## DATASET SECTION:
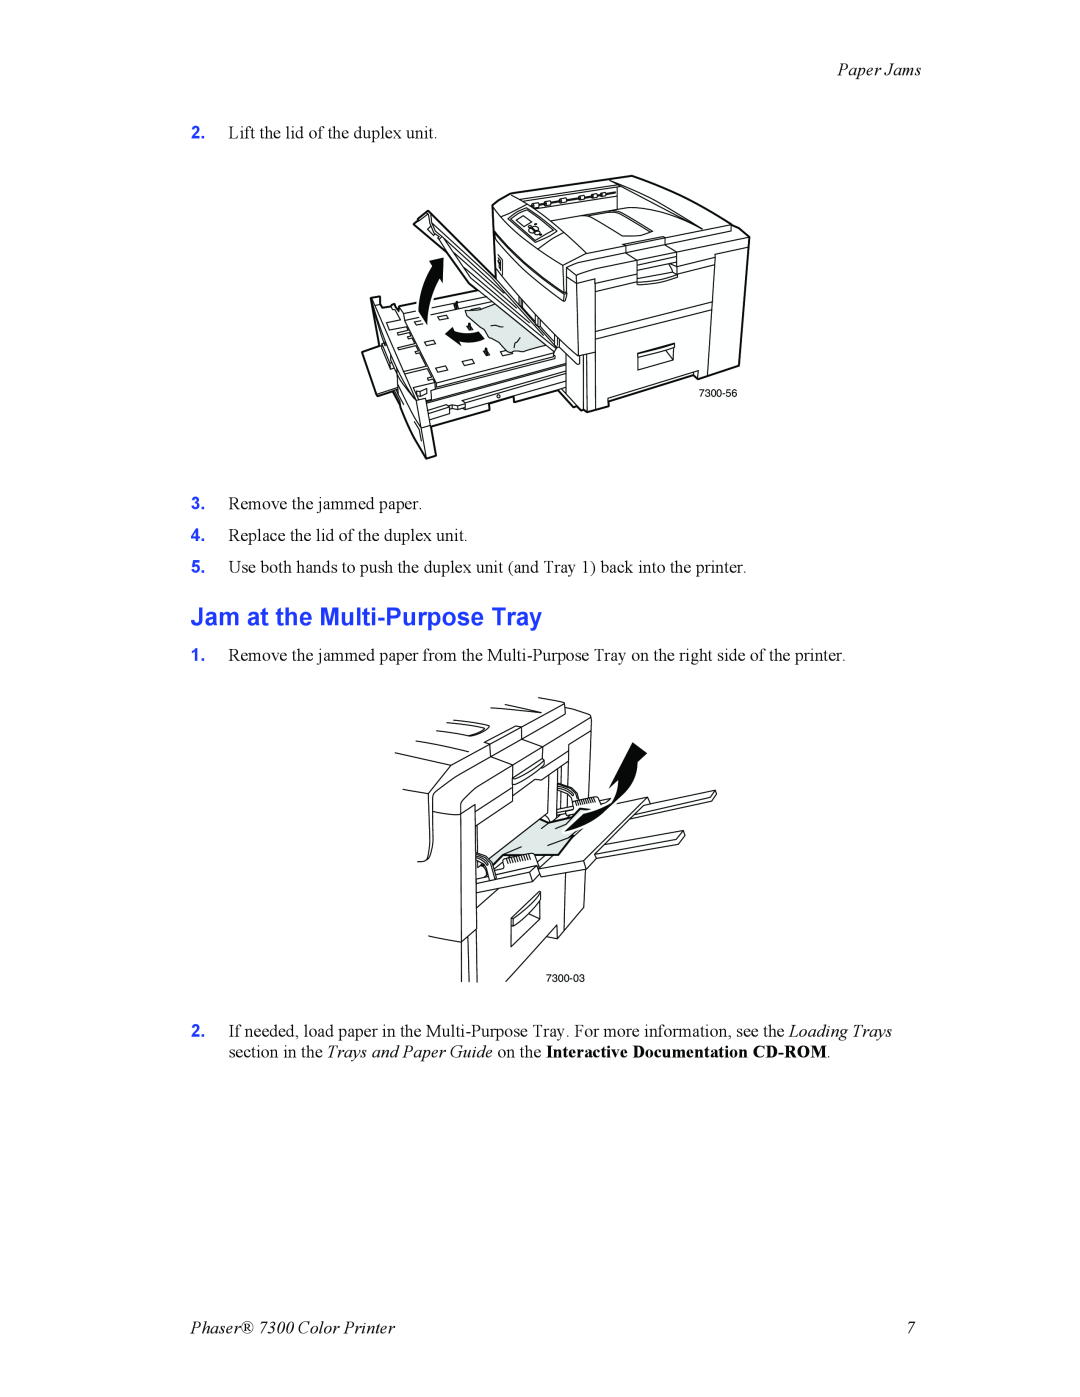 Xerox manual Jam at the Multi-Purpose Tray, Paper Jams, Phaser 7300 Color Printer 
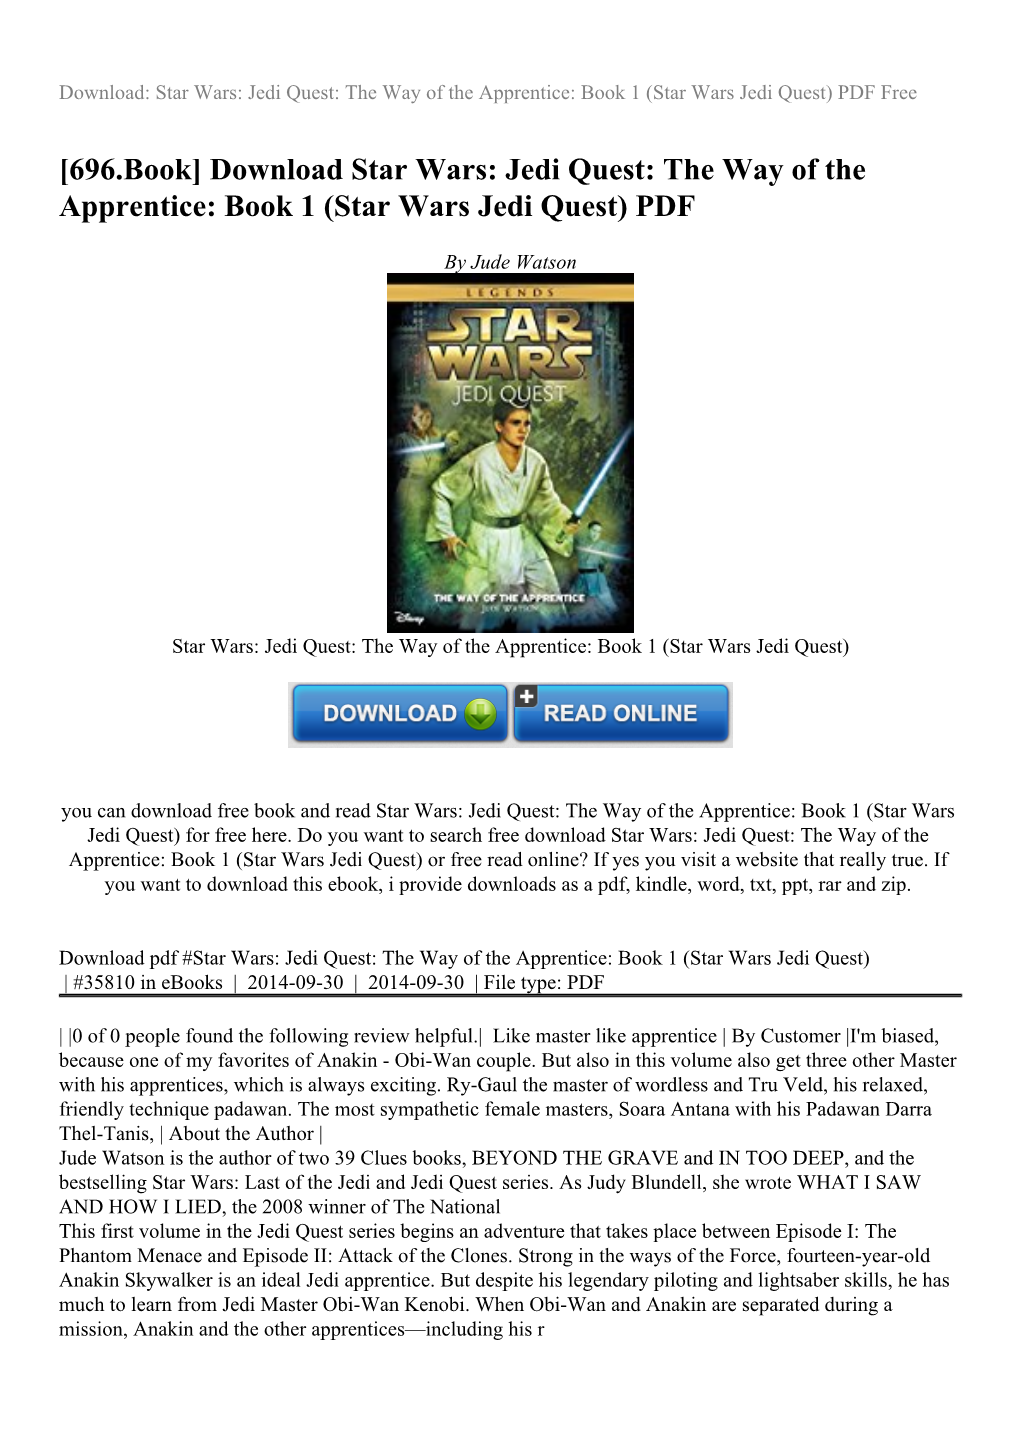 Download Star Wars: Jedi Quest: the Way of the Apprentice: Book 1 (Star Wars Jedi Quest) PDF
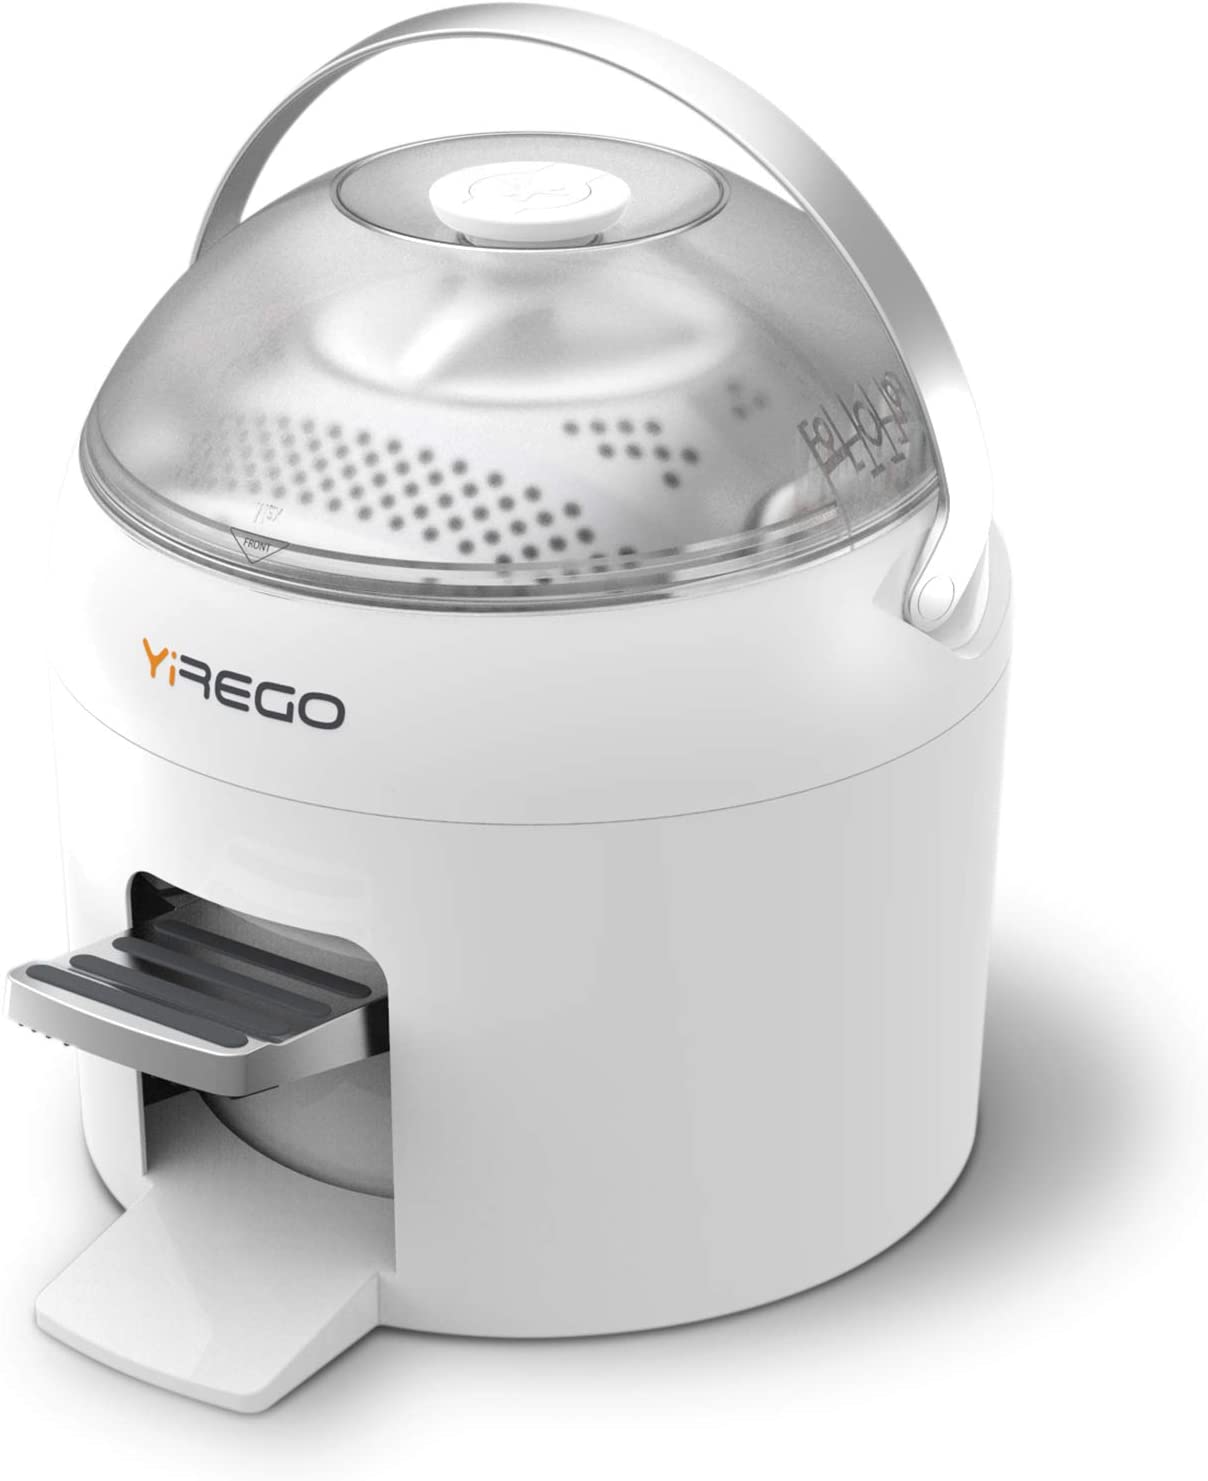 yirego drumi portable washing machine

## TASK DESCRIPTION:
Set down the line containing "Download Star Wars: Jedi" and every line after it up to the end of the material, exactly as written, but not the pictures.

## ANSWER BOX:
 Download Star Wars: Jedi Quest: the Way of the Apprentice: Book 1 (Star Wars Jedi Quest) PDF
 yirego drumi portable washing machine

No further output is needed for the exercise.